Model selection in an agent hierarchy is the same decision at the AI layer. The costs are different from infrastructure (model API calls are pay-per-token, not pay-per-hour), but the principle is identical. A well-structured agent hierarchy fits the capability to the task, and over a large volume of agent invocations, the savings from running routine work on cheaper models compound meaningfully.
For teams running Codex against large codebases with significant volume, this is a real budget consideration. If documentation generation, code formatting checks, and changelog updates can run on a mini model, and only security review and architecture assessment route to a reasoning model, the effective cost per task decreases without sacrificing quality where quality matters.
Defining Custom Agents With Model Configuration
The practical side of setting this up in the Codex custom agent system involves declaring the agent’s role clearly enough that the orchestrator routes to it correctly, then specifying the model appropriate for that role. The description field in the agent registration is what the orchestrating model reads to make routing decisions, so it needs to specify the conditions under which the agent should and should not be invoked. A security reviewer described as “reviews code” will get invoked constantly. A security reviewer described as “reviews code that handles user input, authentication tokens, file paths, or external API responses for security vulnerabilities” will be invoked where it adds value.

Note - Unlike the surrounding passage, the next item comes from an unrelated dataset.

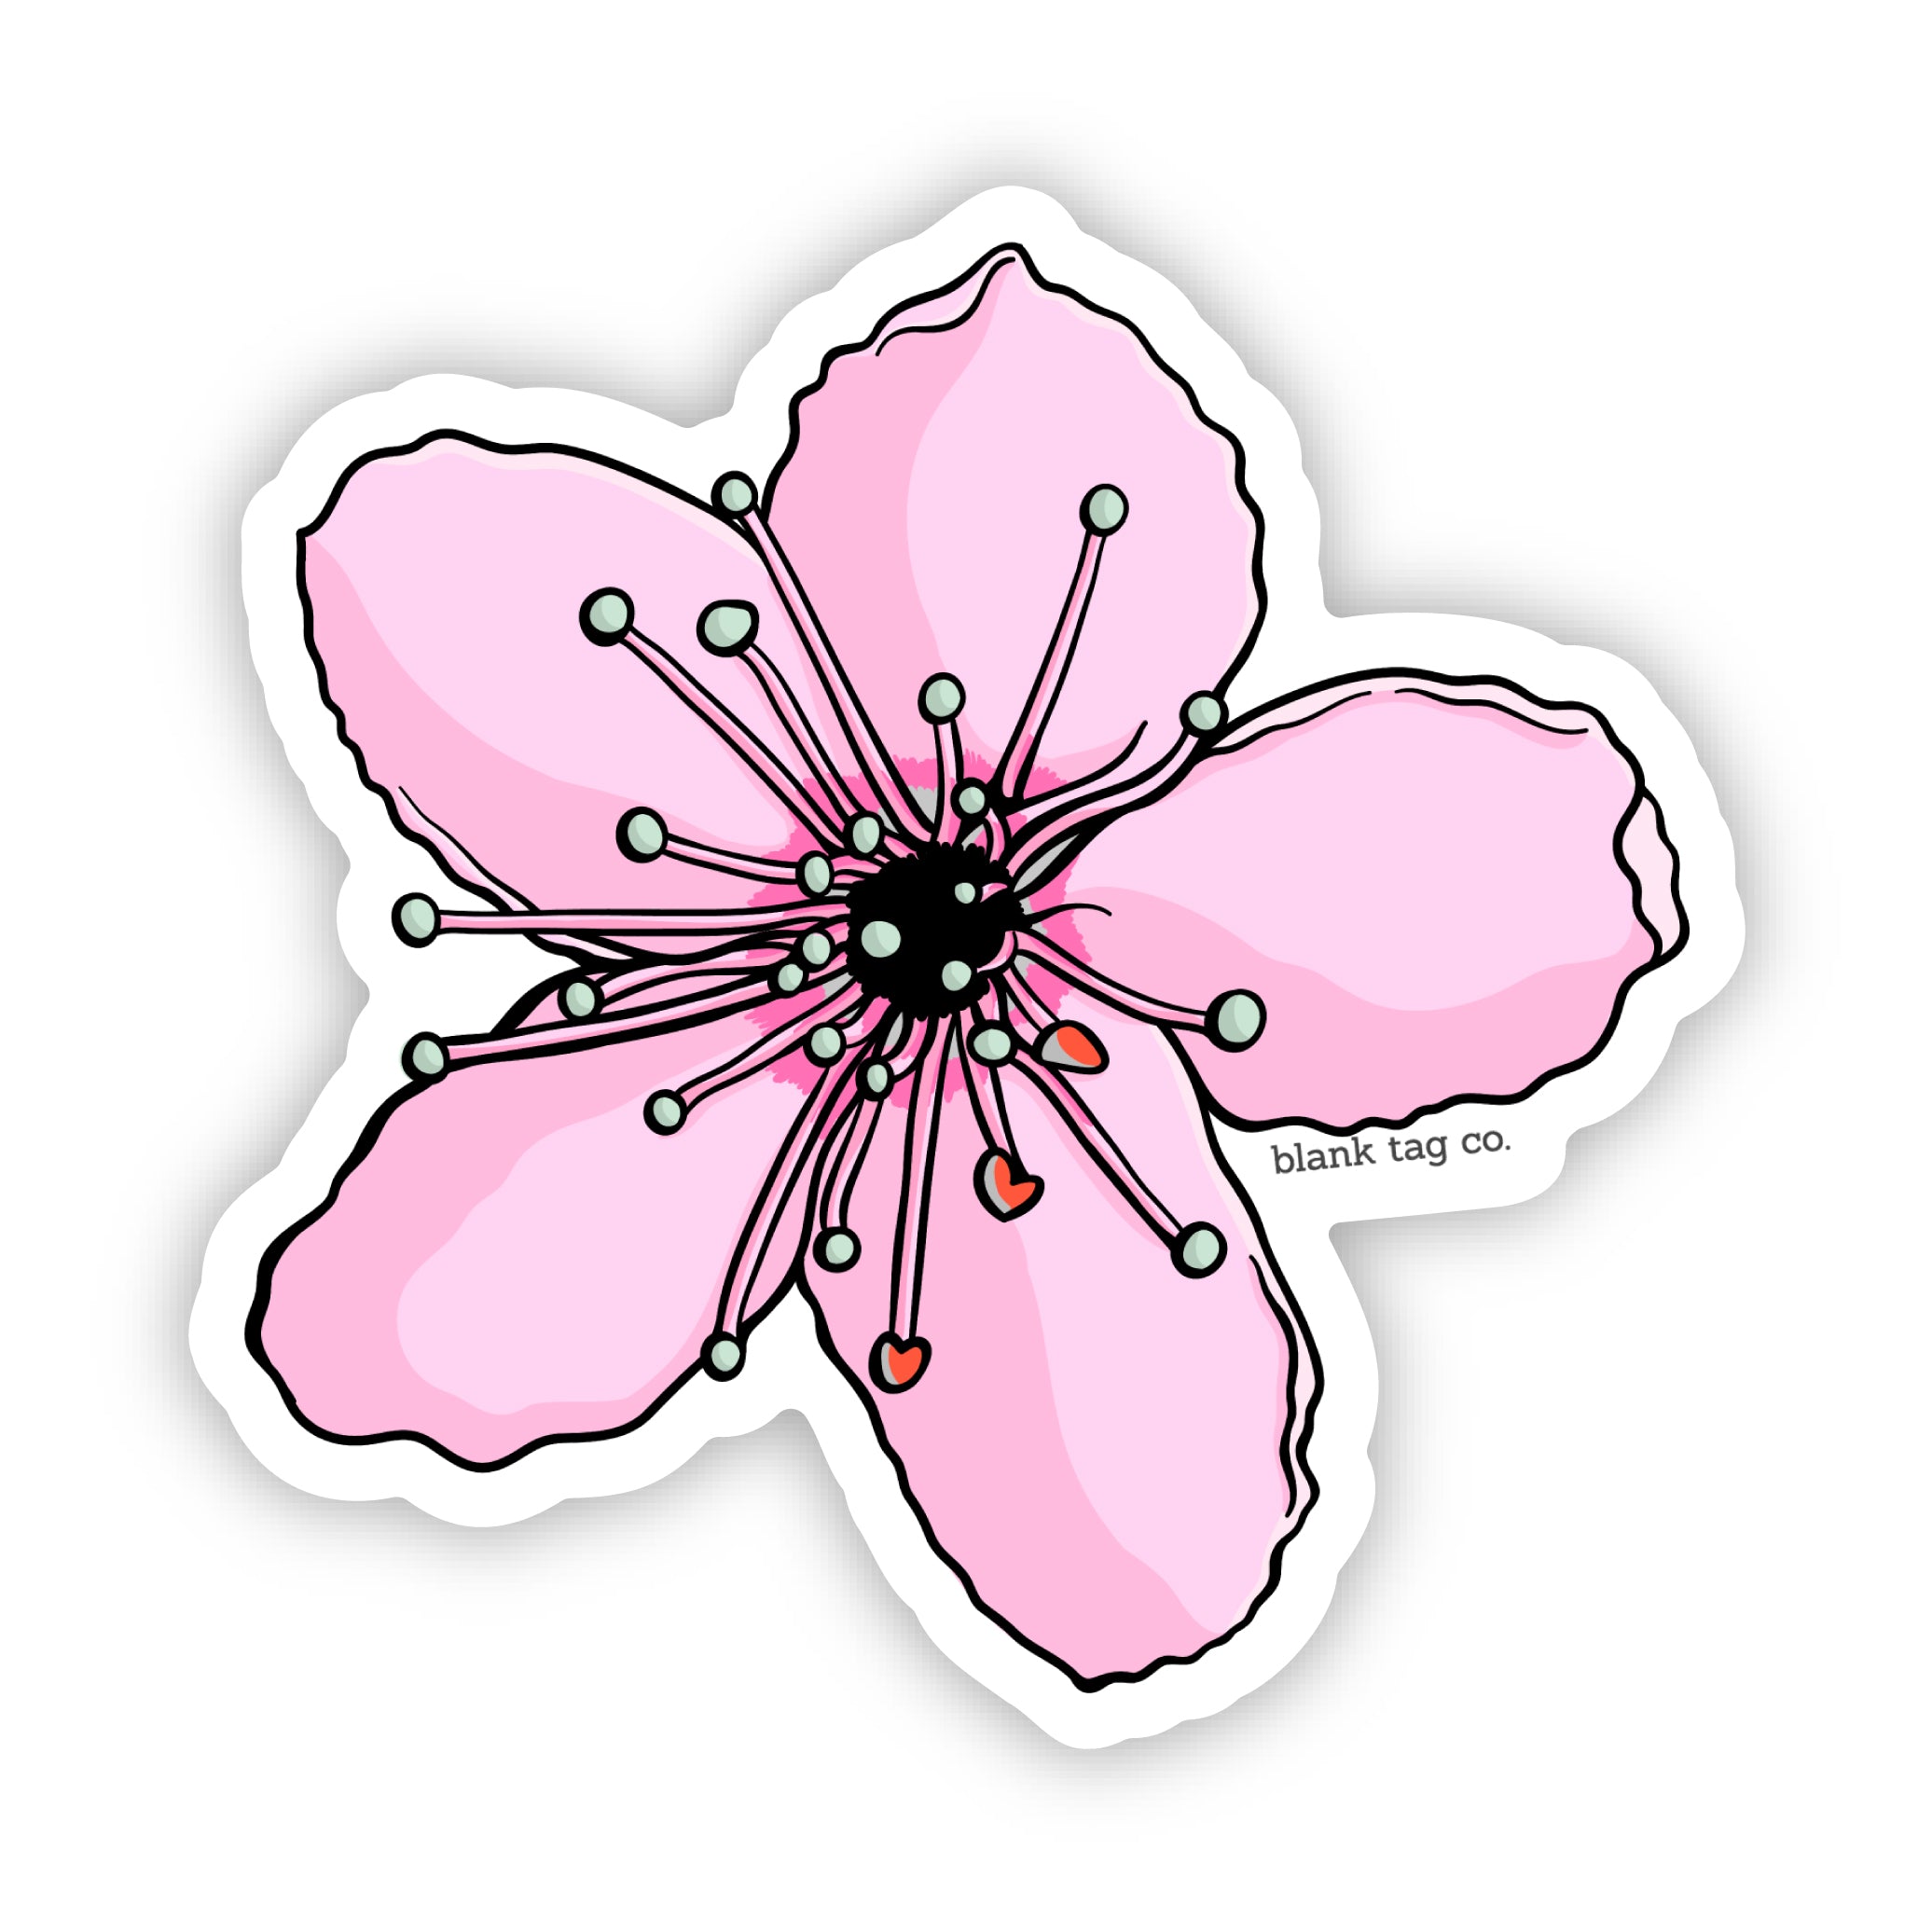 The Cherry Blossom Sticker

The model choice and the description work together. A cheap model with a precise description applied to a narrow task produces good results and low costs. A reasoning model with a vague description applied to everything produces accurate but expensive results. The tuning is in both dimensions at once.
The feature Willison pointed to is a relatively small addition to what Codex can do. But it opens up a design space that single-model coding agents cannot enter: workflows where the capability profile of the AI changes task by task, matched to what each task actually requires. That is a different kind of flexibility than context isolation or parallel execution, and for teams thinking seriously about building agent-driven workflows, it is worth building around from the start.